Power without resources can be a curse rather than a blessing. When governments decentralise, both matter.
Over the last five decades, the Regional Authority Index shows that 52 of 81 countries boosted regional powers and responsibilities. Regional and local government expenditures have also risen in recent decades to reach 40% of total government expenditure across the OECD. It is hard to overestimate the importance of subnational governments in delivering key public services and infrastructure.
More or better decentralisation?
In theory, decentralisation can, among other things, increase the efficiency of public service delivery, spur policy innovation and promote local democracy and accountability. All of these elements lead to higher rates of growth. Yet decentralising may not yield better economic performance. Existing research has shown mixed results. While some studies find that more decentralisation leads to higher economic growth, other research concludes the opposite, while the rest finds no relationship at all. This suggests that context and design are all important.
Capturing the quality of decentralisation
Measuring decentralisation is complex. Our latest paper takes a novel approach and finds that in many cases new powers for subnational governments have not been accompanied by the resources to deliver. This situation is referred to as an “unfunded mandate”.
Like a tennis player cannot play without a suitable racket, subnational governments cannot fulfil their responsibilities or functions if they are not accompanied with the sufficient and adequate funding.
Andrés Rodríguez-Pose and Miquel Vidal-Bover
Does “finance follow function” in the OECD?
Using a dataset covering 518 OECD regions over the 1997-2018 period, we compare fiscal decentralisation at the regional level and political decentralisation and calculate the mismatch between the two as a proxy for unfunded mandates.
The map below shows no clear geographical pattern, but a greater tendency towards unfunded mandates at the regional level in centralised countries (e.g. France, the Netherlands, New Zealand, Poland, Slovakia), despite their existence in some regions in highly decentralised ones (e.g. Germany, Spain). Second, unfunded mandates are more prevalent in regions with relatively lower GDP per capita (e.g., Colombia, Poland), apart from Germany. Finally, unfunded mandates seem to be more widespread in OECD European and Latin American countries than in Northern American and Australasian ones.
Unfunded mandates in regions around the world

Unfunded mandates lie behind lower economic growth
We can also show that unfunded mandates have a negative, robust, and statistically significant impact on economic growth. It also shows that these losses may exceed any benefits from devolving powers to lower tiers of government.
We must therefore be cautious in calling for more decentralisation as a route to growth. This study, the first to offer a quantitative measure of unfunded mandates, indicates that in countries that seek to decentralise, it is better –not more– decentralisation that should be pursued. This is in line with OECD guidelines on how to make decentralisation work.

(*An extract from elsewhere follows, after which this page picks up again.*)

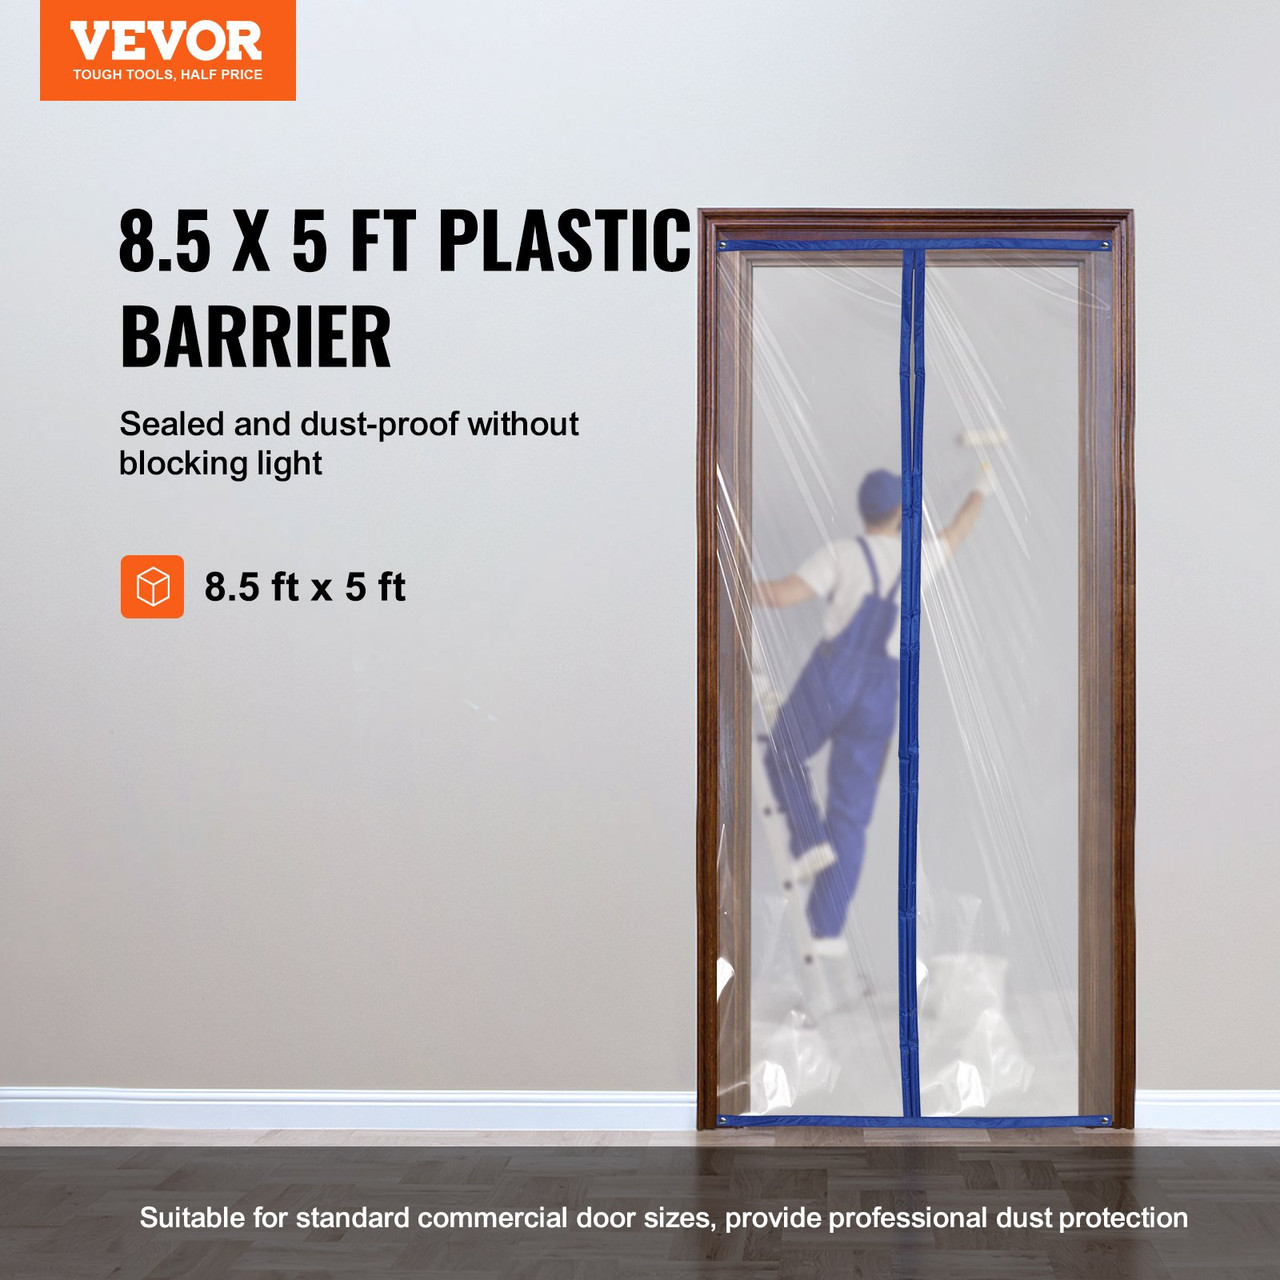 VEVOR Dust Barrier, 8.5 x 5 Ft Dust Barrier Door Kit, with Magnetic Self-Closing Zipper, PE Construction Door Cover for Dust Containment, Reusable Dust Protection Wall for Living Room Bathroom Remodel
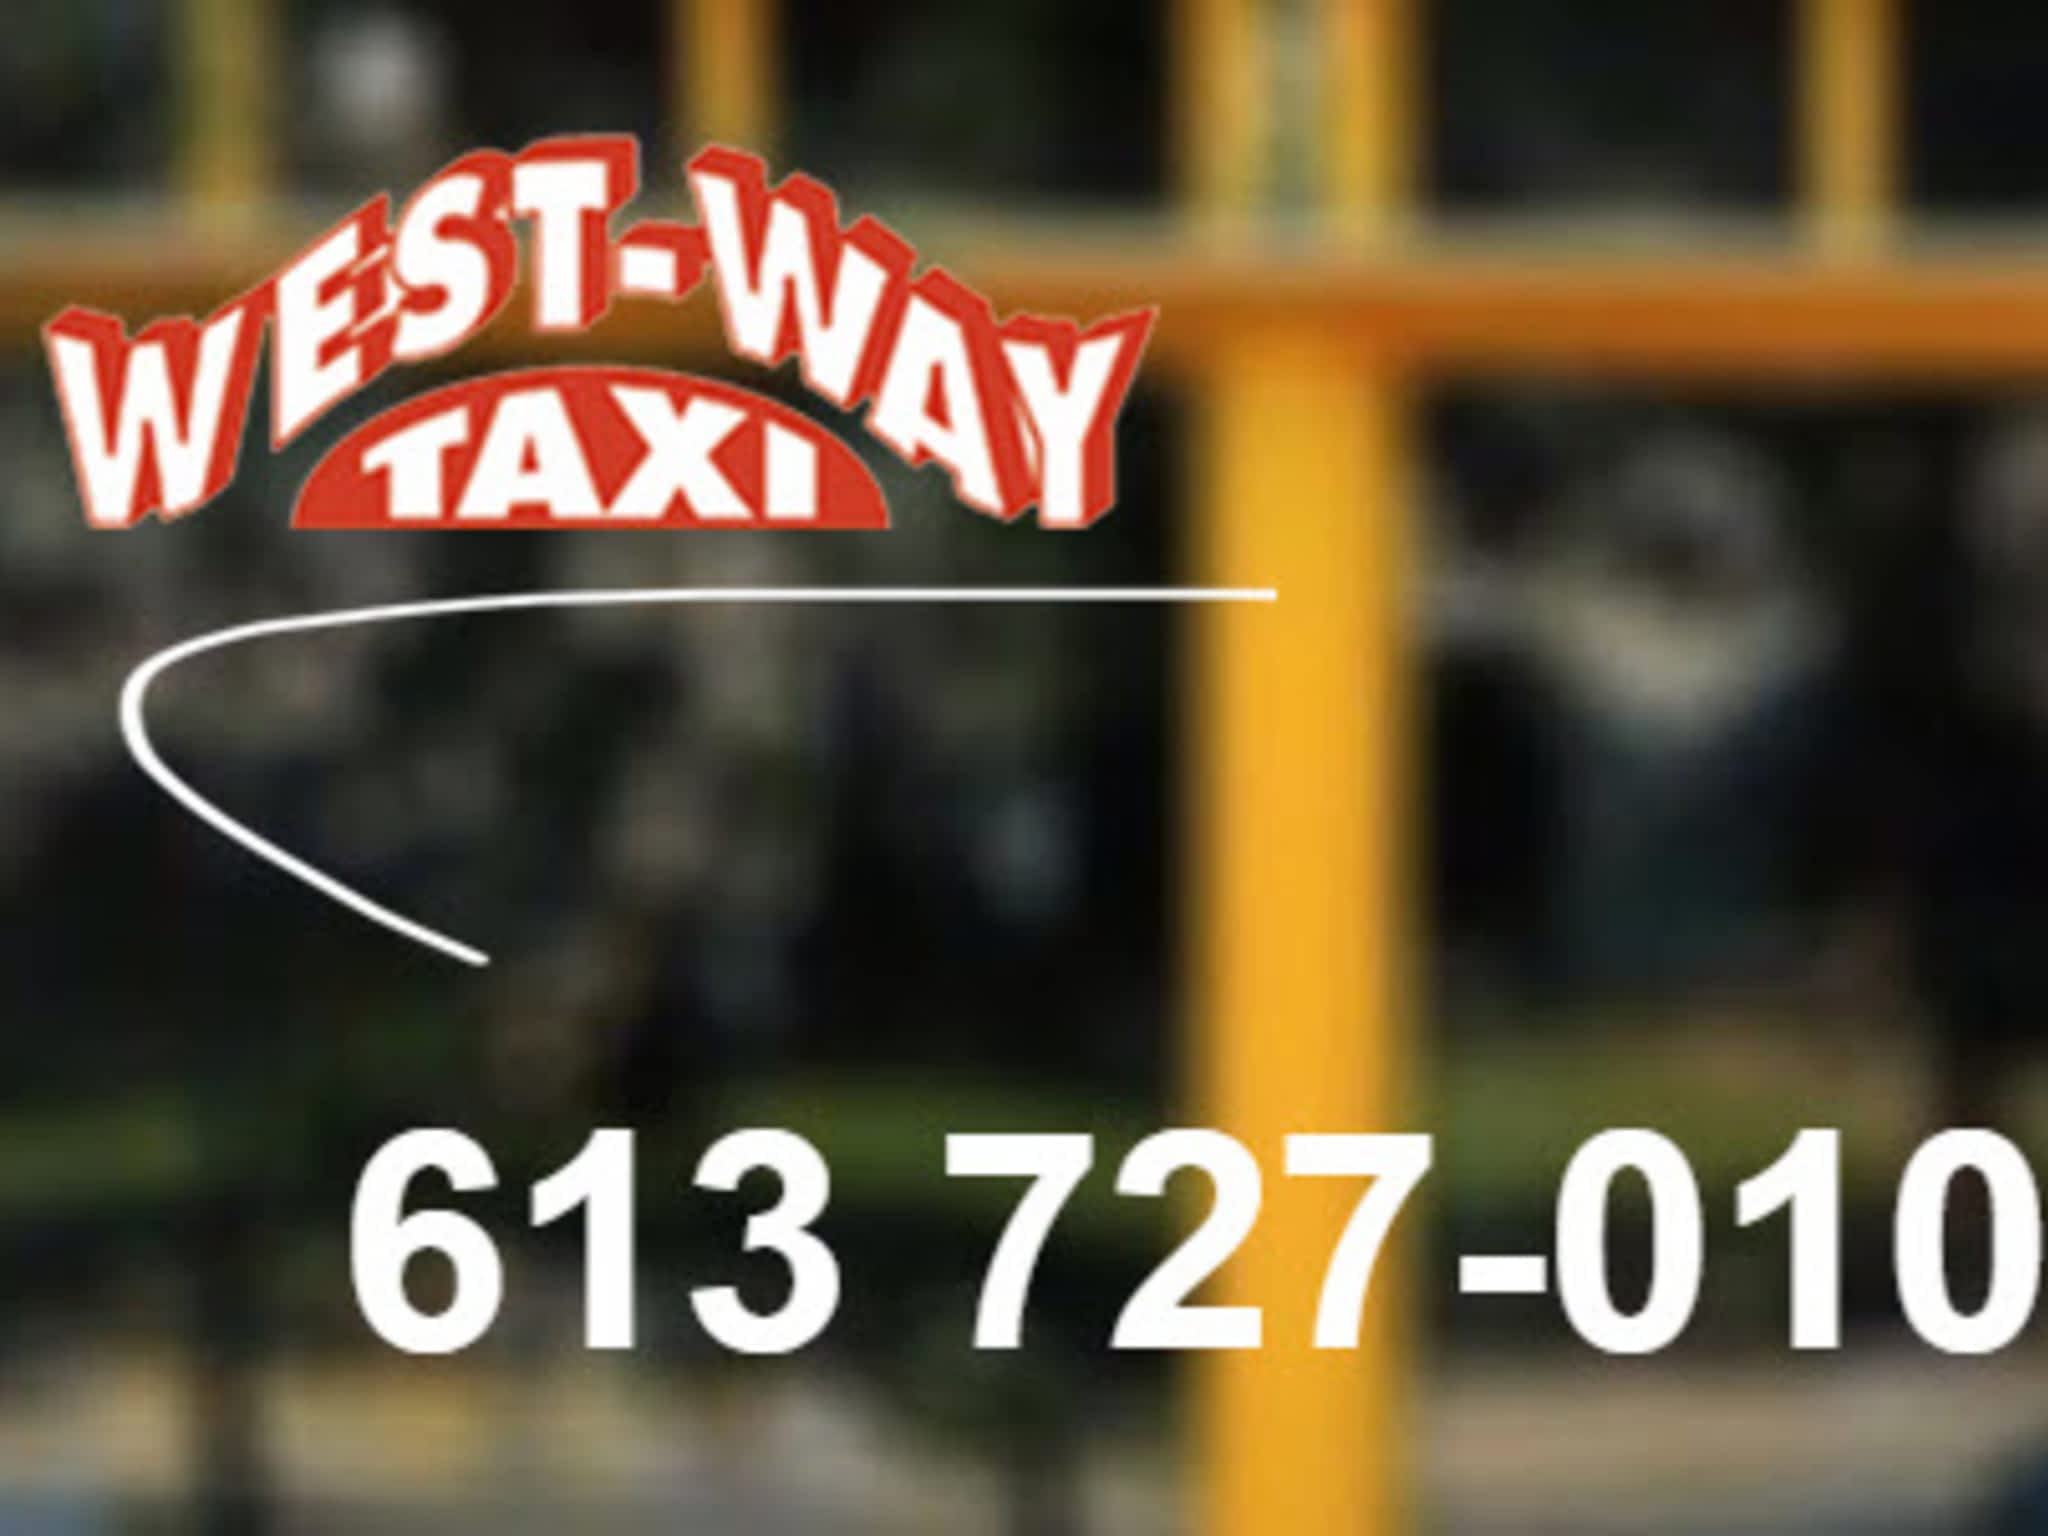 photo West Way Taxi

Towards better decentralisation frameworks
Recent reforms have aimed to empower subnational governments to drive growth, but have also granted them leading roles in education, health, and digital and climate transition. As OECD/UCLG work shows, between 2019 and 2020, subsidies and transfers from the central government jumped by 24% in 56 countries to ensure the necessary funding for subnational governments to respond to the COVID-19 pandemic.
With fiscal space tightening, countries will need to revise their decentralisation frameworks and boost their fiscal resilience so that they guarantee adequate service delivery and infrastructure.
In all cases, finance should follow function: devolving responsibilities to subnational governments without the appropriate resources is not decentralising powers, but problems. When finance does not follow function, decentralisation frameworks engender dysfunctionalities that may put a serious drag on economic growth and project a negative image of decentralisation generally.
When decentralising any further, policy makers would be well-advised to ensure, among other things, that subnational governments are equipped with the necessary resources to fulfil their newly acquired responsibilities. After all, no tennis player can win if they have to play with a holed racket – or with no racket at all.